Come altri studiosi, tritati in questi due volumi come carne da macello, anche l’americana Pamela Potter – e sempre sul tema del nazismo – viene citata a proprio uso e consumo, abusandone del pensiero fino ad attribuirle parole che non compaiono nella stampa originale. Nell’articolo Musicologia e nazismo inserito nell’Enciclopedia della musica Einaudi, la Potter conclude commentando che «la fede in una superiorità musicale tedesca si era comunque così fortemente consolidata che non solo sopravvisse alla “denazificazione” della disciplina, ma continuò a vivere nella musicologia di altri paesi» (P. Potter, Musicologia e nazismo, in Enciclopedia della musica, Il sapere musicale, Einaudi, Torino, vol. II, p. 748). Nel tentativo di forzarne i significati, Bianchini & Trombetta hanno avuto purtroppo l’ardire di manomettere il suo testo sostituendo il punto finale con una virgola e aggiungendo in coda la frase di pura invenzione «e continua ancora oggi» (vol. II, p. 25). Gesto di inaudita, illegittima e illegale prepotenza, estendendo forzatamente all’epoca a noi più contemporanea una considerazione circostanziata nel tentativo estremista di accusare chicchessia. Meriterebbero una diffida da parte di Einaudi per la rettifica, il che comporterebbe un conseguente ritiro dal commercio del volume, nonché una legittima richiesta di risarcimento da parte dell’autrice. La Potter continua scrivendo invece che «la musicologia tedesca era stata per molto tempo un modello per tutti, e il canone musicologico esaltava la componente tedesca al punto da interdire un giusto riconoscimento di altre tradizioni. Solo da poco, e a stento, la musicologia ha accettato come oggetti di studio rispettabili materie come l’opera francese e italiana dell’Ottocento, la musica inglese e la musica popolare americana. […] Anche se il periodo nazista ci pone di fronte a uno scenario estremo, esso c’impartisce una lezione importante illustrando fino a che punto, in periodi di transizione intellettuale e politica, i percorsi della scienza possano rendersi vulnerabili alle forze dell’irrazionalismo, alle ristrettezze di bilancio e all’infiltrazione di ideologie populiste» (Potter, op. cit.).

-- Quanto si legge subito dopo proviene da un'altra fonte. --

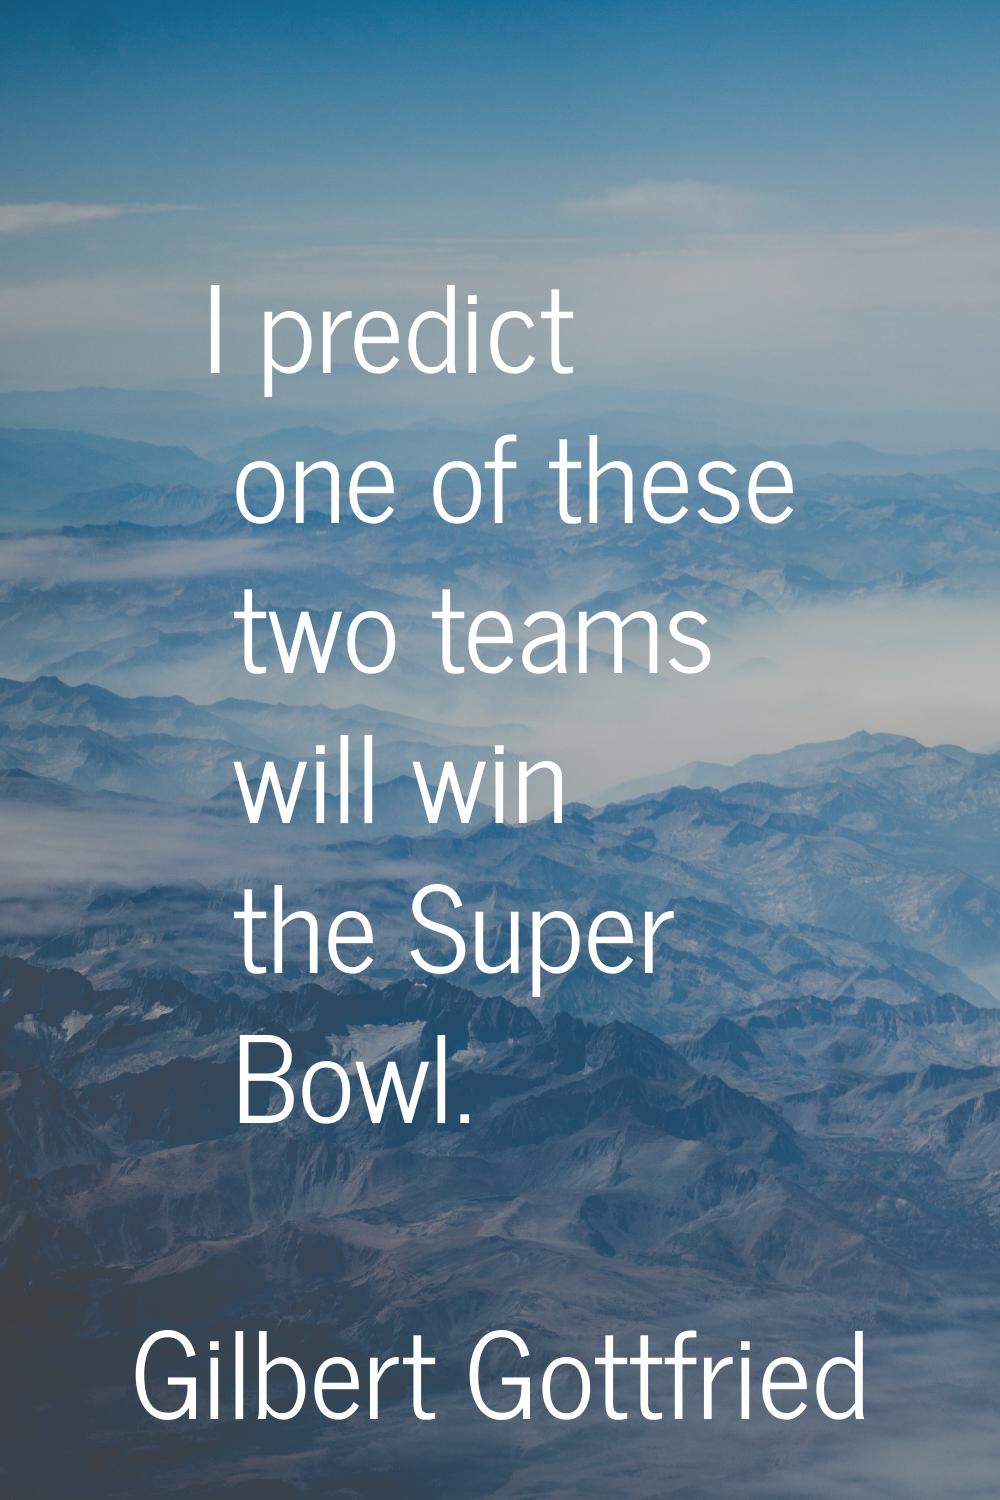 I predict one of these two teams will win the Super Bowl.

Si tratta di un quadro in realtà ancora più complesso e che non può essere liquidato in poche battute né tanto meno in questa sede, ma che in quelle parole della Potter adulterate dai due autori ridimensiona in realtà un problema, per nulla legato alla genialità e ai meriti mozartiani, che invece Bianchini & Trombetta pongono come colonna portante in modo irreale, surreale e mistificato, strumentalizzato in senso complottista per discreditare ridicolmente Mozart inzuppandolo nel nazismo.

La questione sulla musicologia del dopoguerra è ben più raffinata di come ce la vogliano porre Bianchini&Trombetta, ed è stata già sondata ampiamente e approfonditamente coi dovuti modi (vedi anche quanto riportato da Bujic, Scena V).  Inoltre, da una rapida ricognizione degli “Acta Musicologica” ovvero della pubblicazione ufficiale dell’Associazione Internazionale di Musicologia, assumendone la “rappresentatività” disciplinare in materia, si evidenzia che negli anni ’30 – e la situazione non cambia in seguito – non vi è alcuna prevalenza di scritti sulla tradizione tedesca rispetto alle altre.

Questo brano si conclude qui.